-- Opening Marker --

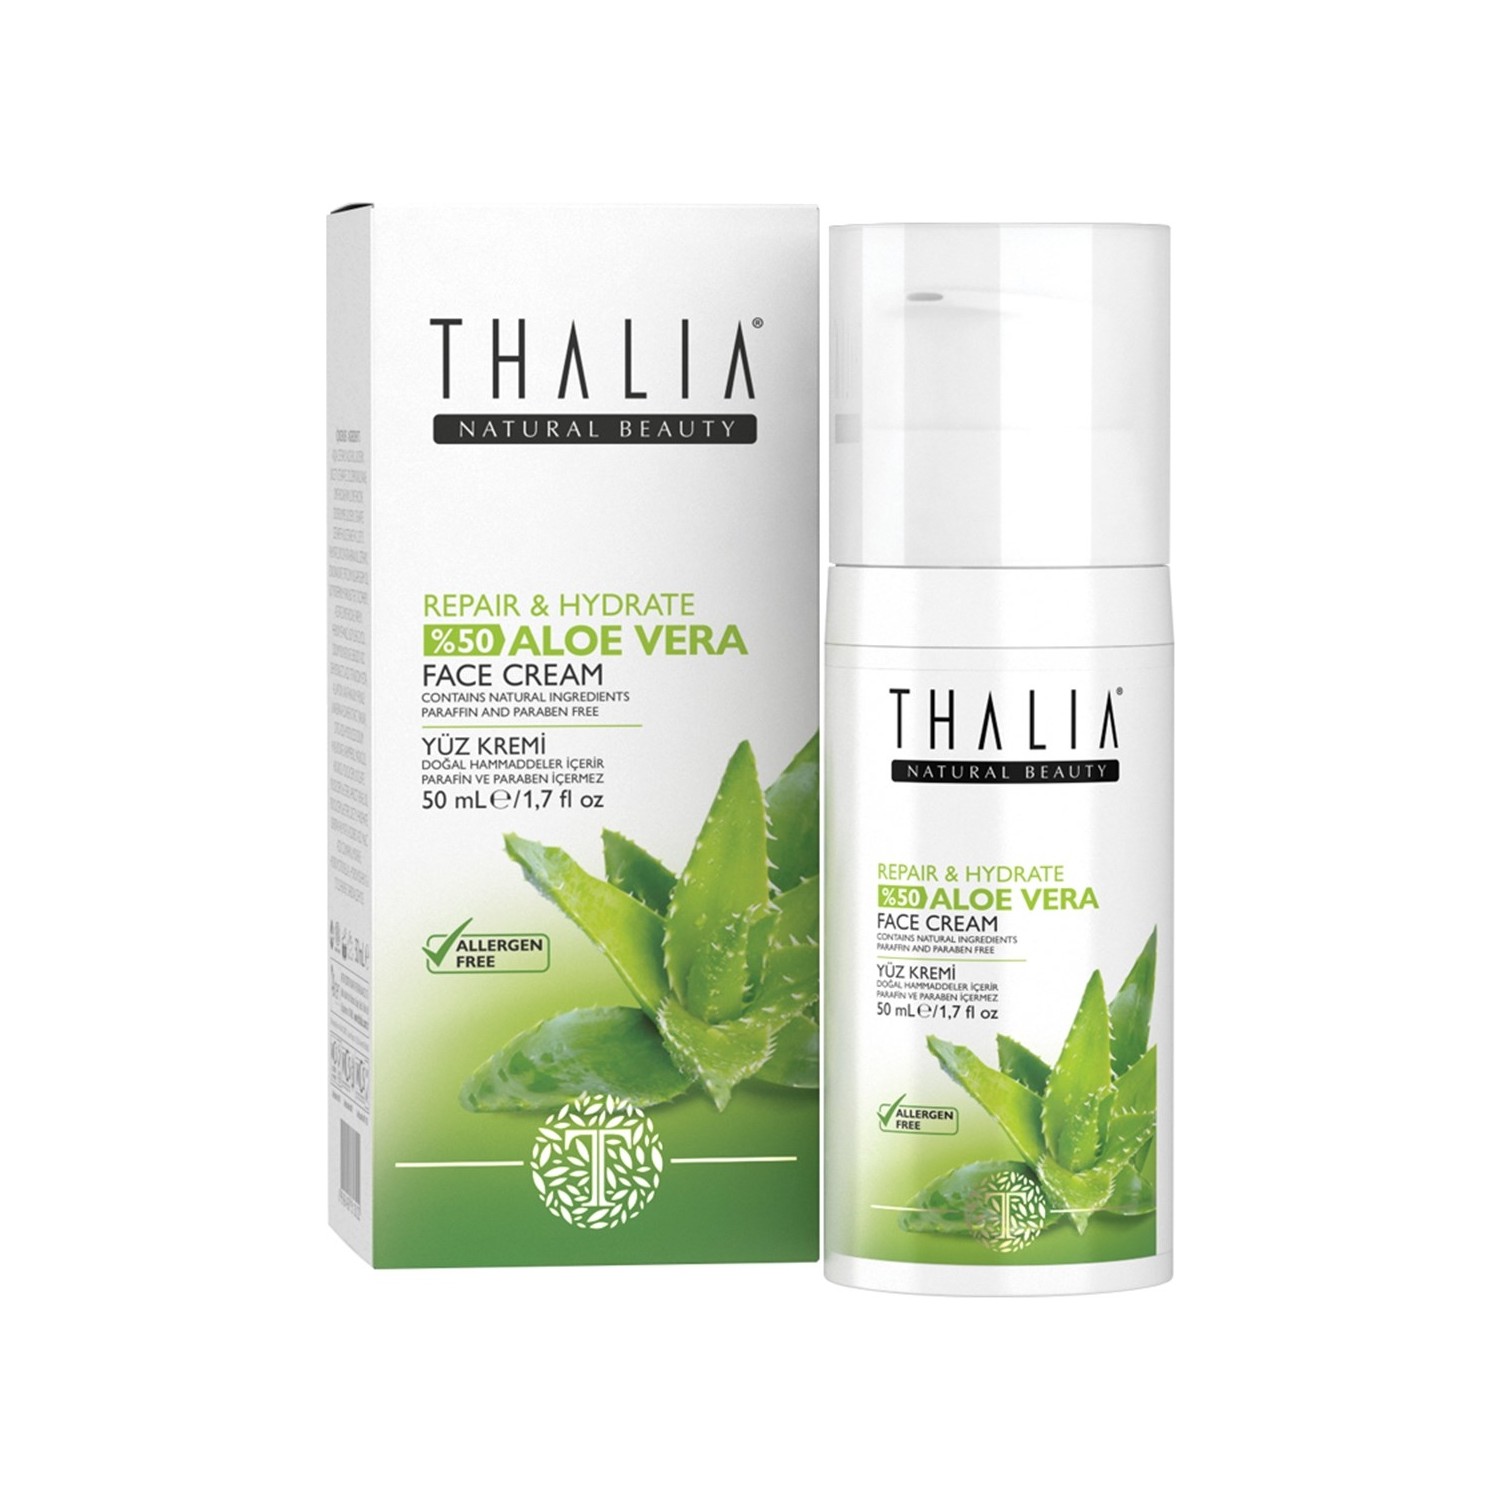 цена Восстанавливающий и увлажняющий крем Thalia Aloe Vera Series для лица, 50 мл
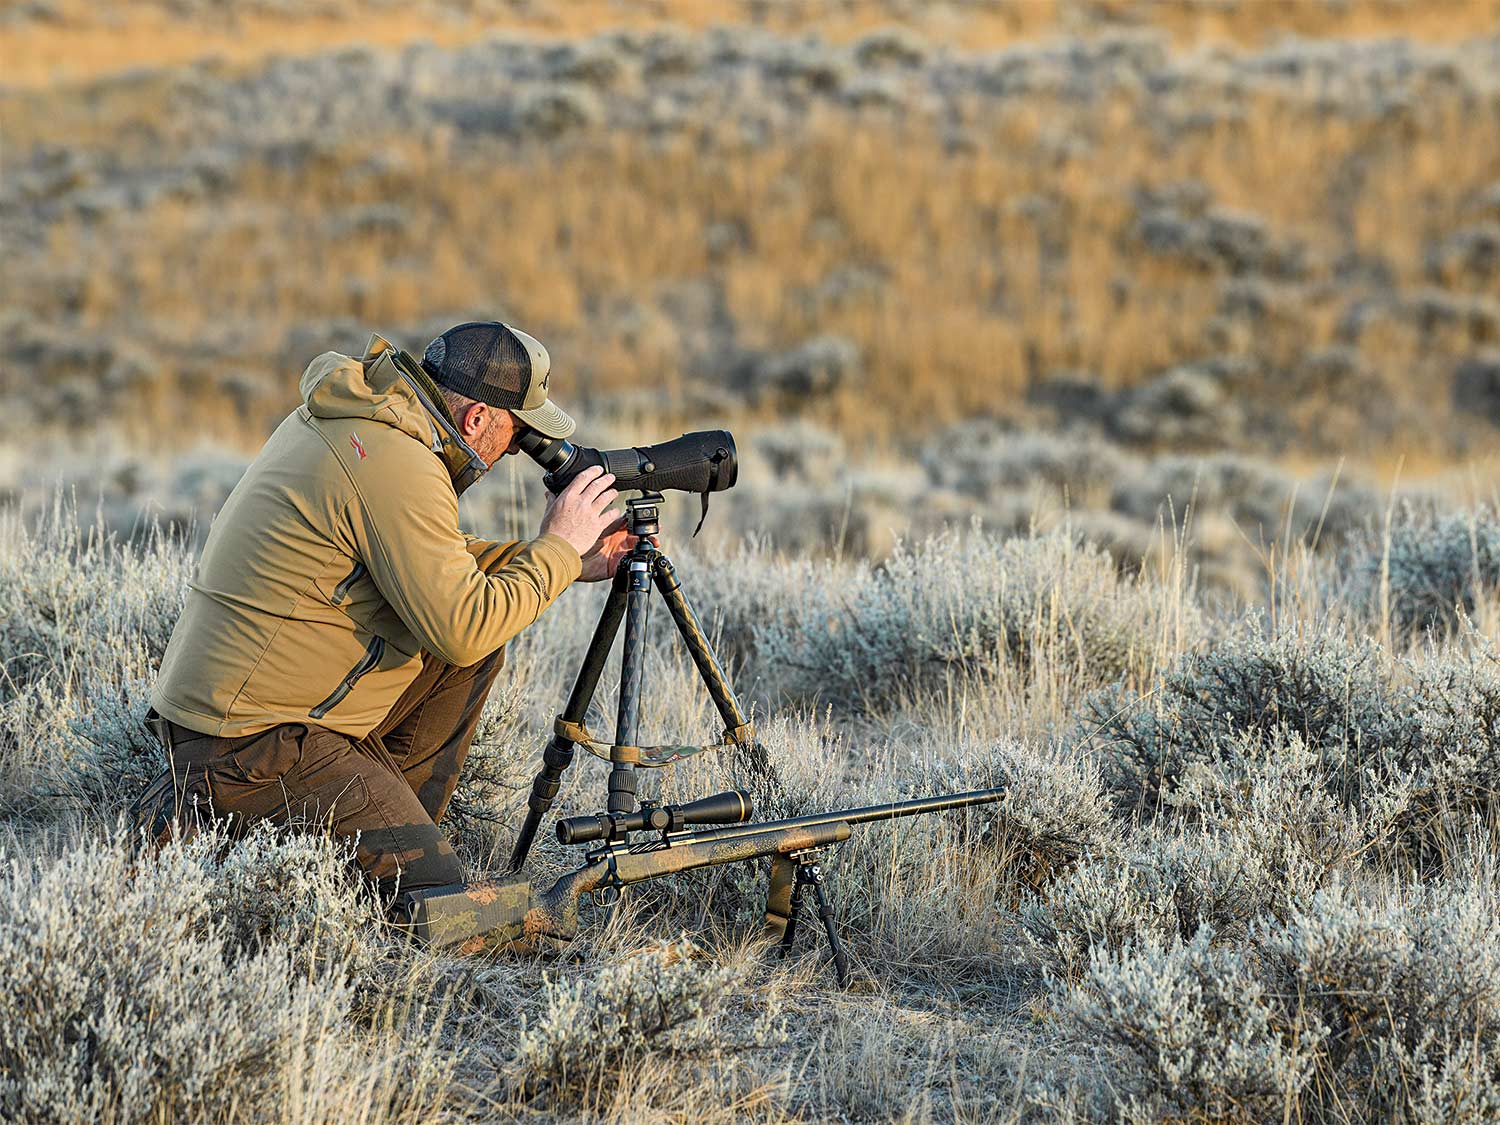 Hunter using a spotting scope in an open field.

-- Closing Marker --
-- Opening Marker --

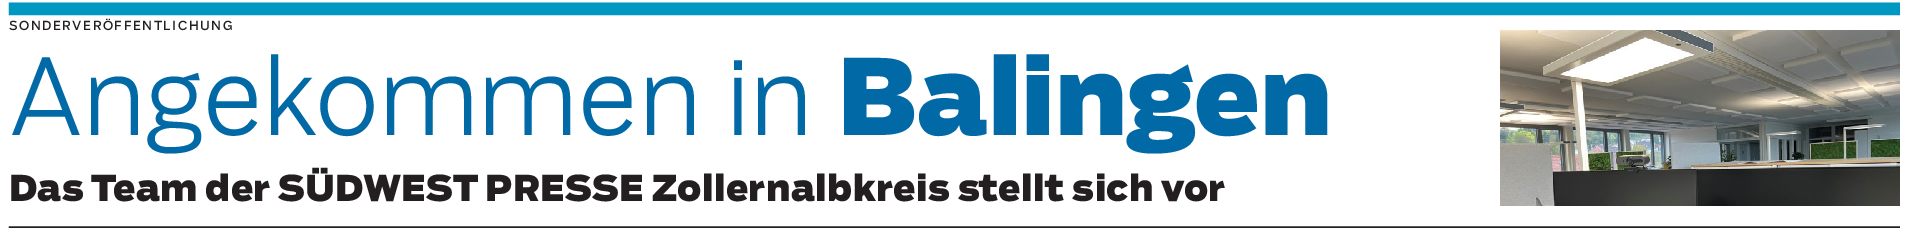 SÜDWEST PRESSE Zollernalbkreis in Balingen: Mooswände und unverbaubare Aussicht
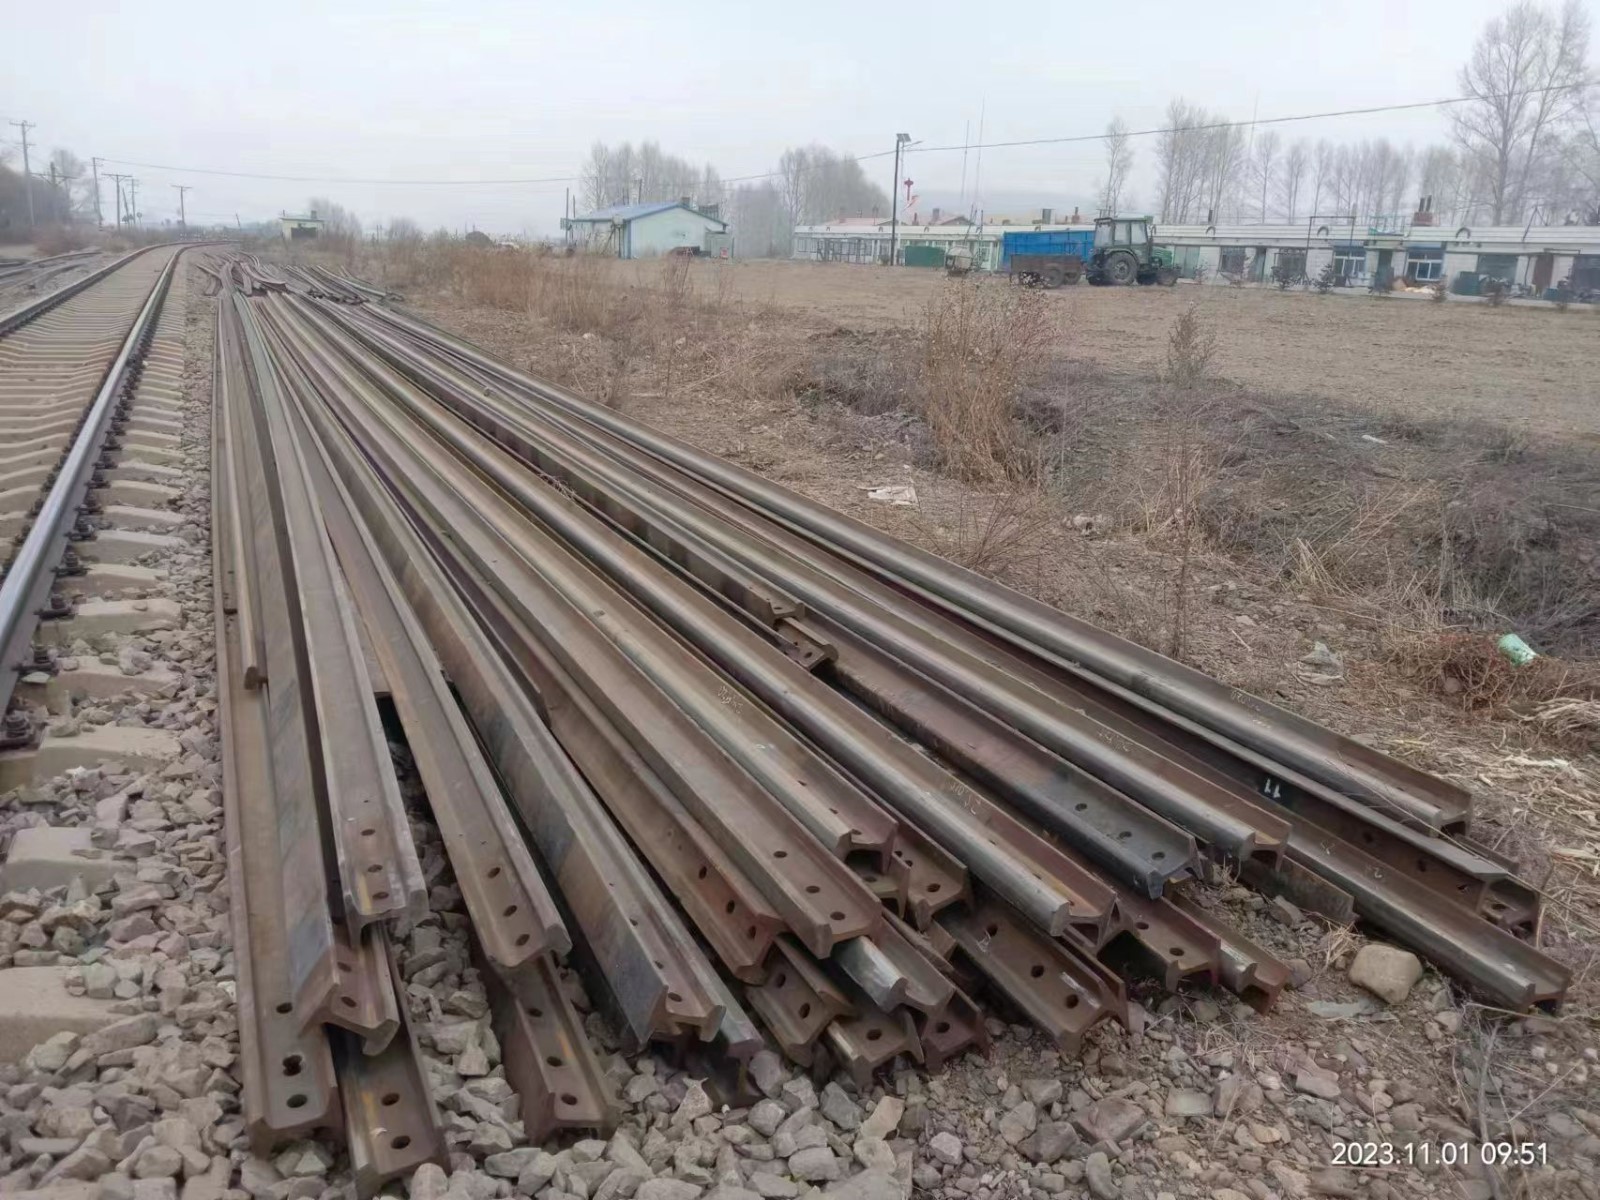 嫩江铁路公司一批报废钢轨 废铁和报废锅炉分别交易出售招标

-- Closing Marker --

— Prompt —
Only one stretch of the entries above is needed: the lines from the one containing "SÜDWEST PRESSE Zollernalbkreis" through the one containing "嫩江铁路公司一批报废钢轨 废铁和报废锅炉分别交易出售招标". Copy it exactly, without the pictures.

— The answer —
 SÜDWEST PRESSE Zollernalbkreis in Balingen: Mooswände und unverbaubare Aussicht
 嫩江铁路公司一批报废钢轨 废铁和报废锅炉分别交易出售招标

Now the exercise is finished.